Business News

Brussels Projects 1.9% Growth for Slovenia Next Year (III)

Ljubljana, 29 November (STA) - Slovenia's economy will grow by 1.1% this year, expand by 1.9% next year and a more robust 2.6% in 2012, according to the autumn economic forecast released by the European Commission on Monday.

The projection shows Slovenia's general government deficit will stand at 5.8% of GDP this year, but will then fall to 5.3% in 2011 and to 4.7% of GDP in 2012. The government has announced a 4.8% deficit for 2011.

The projection means that Slovenia's economic growth this year will be below the average for the eurozone, but will rise to above the average in the coming two years. The deficit will be below the average this year, but above it in the coming two years.

The Commission projected 1.7% growth in GDP for the eurozone for this year, to be followed by slightly slower 1.5% growth next year and 1.8% growth in 2012. The average deficit is to reach 6.3% of GDP in 2010, 4.6% in 2011 and 3.9% in 2012.

According to the Commission, Slovenia's weak presence in high growth markets means "the pace of the export-led recovery is set by demand in the country's main EU and Western Balkan trade partners. Accordingly, growth is expected to be moderate and to ease somewhat heading into 2011".

"Faster growth is also being hampered by the tight credit conditions in the indebted corporate sector and slow adjustment in the construction sector, which may take until late 2011 or 2012 to complete," the report says.

In May, the Commission forecast 1.1% growth in GDP for Slovenia for this year and 1.8% for 2011. The budget deficit forecast in May was 6.1% for this year and 5.2% for 2011.

Slovenia has forecast lower budget deficits for this year and the next, at 5.4% and 4.7% of GDP, respectively. The Finance Ministry attributed today the difference between the projections to a difference in the method used to calculate the deficit as well as the effects of Slovenia's reforms.

The methodology applied makes for a 0.1 points and the effects of reforms for 0.5 points in the total difference of 0.6 points in the deficit projections for next year, the ministry said.

This was echoed by economist Bogomir Kovac, who pointed out that Slovenia and the Commission relied on different methods in coming to a final forecast. But Kovac suggested that being more recent, the Commission's projections could me more precise.

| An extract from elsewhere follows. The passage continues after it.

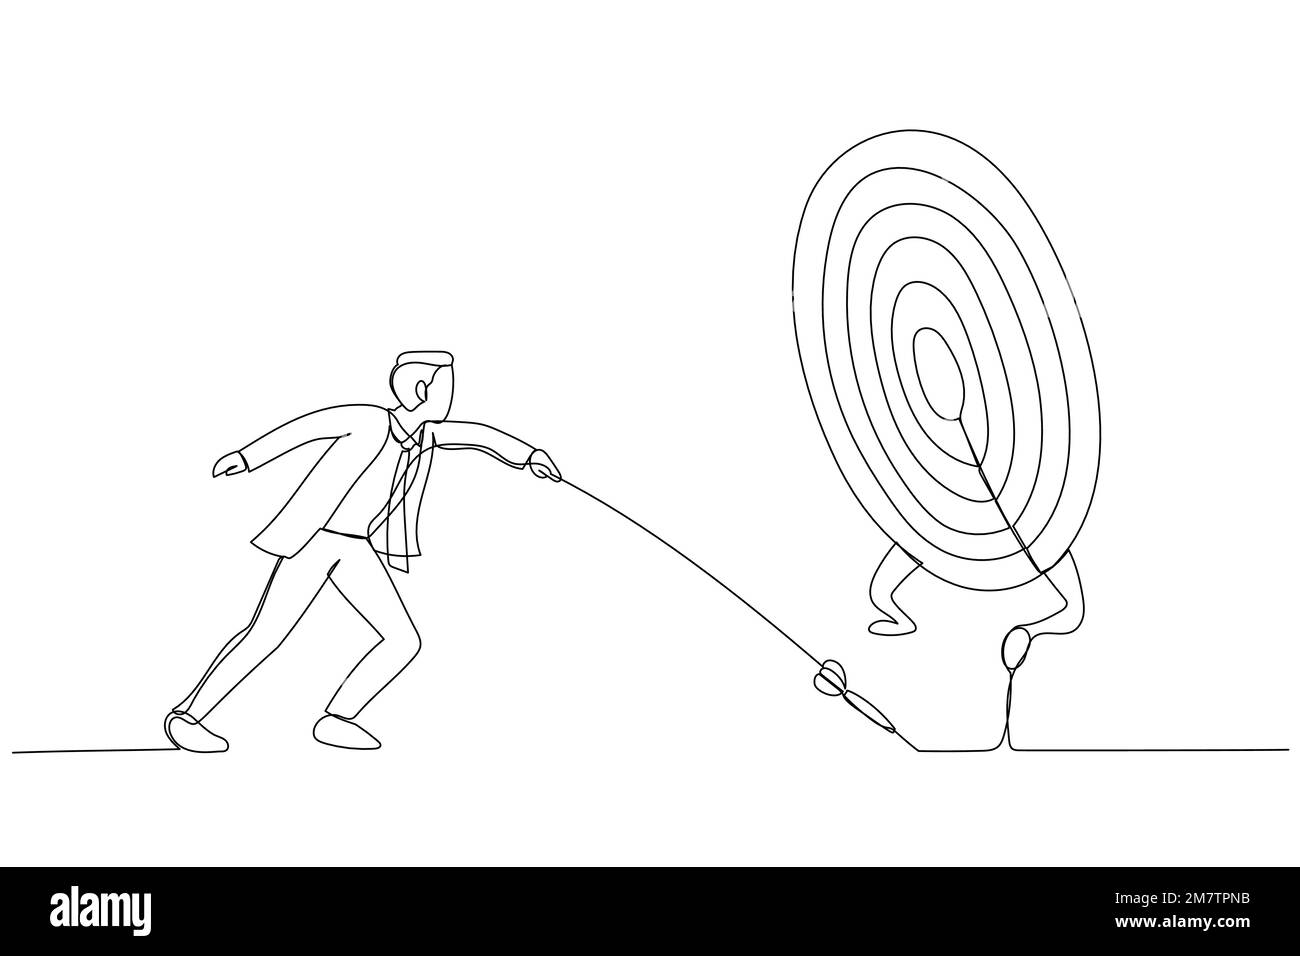 Drawing of businessman try to hit a target. Single continuous line art Stock Vector

Projections are most precise when they are made towards the close of a given period. The more downbeat European projections for the budget deficit are therefore a result of more realistic assessments of the current situation, he believes.

Slovenia needs to bring its general government deficit to below 3% of GDP, as required by the Stability and Growth Pact, by 2013.

The country's unemployment rate is projected to stand at 7.2% this and next year, but to drop to 6.6% in 2012. In all three years unemployment is projected to be below the average for the euro area.

The country's public debt is projected to remain below the 60% of GDP Stability and Growth Pact cap this year, in 2011 as well as in 2012, and substantially lower than the eurozone average, but is increasing.

According to the Commission, public debt will stand at 40.7% of GDP this year, at 44.8% next year and at 47.6% in 2012.

Inflation forecasts for Slovenia exceed the eurozone average of 1.5%, 1.8% and 1.7% for 2010, 2011 and 2012, respectively. The figures for Slovenia are 2.1%, 2% and 2.2%, respectively.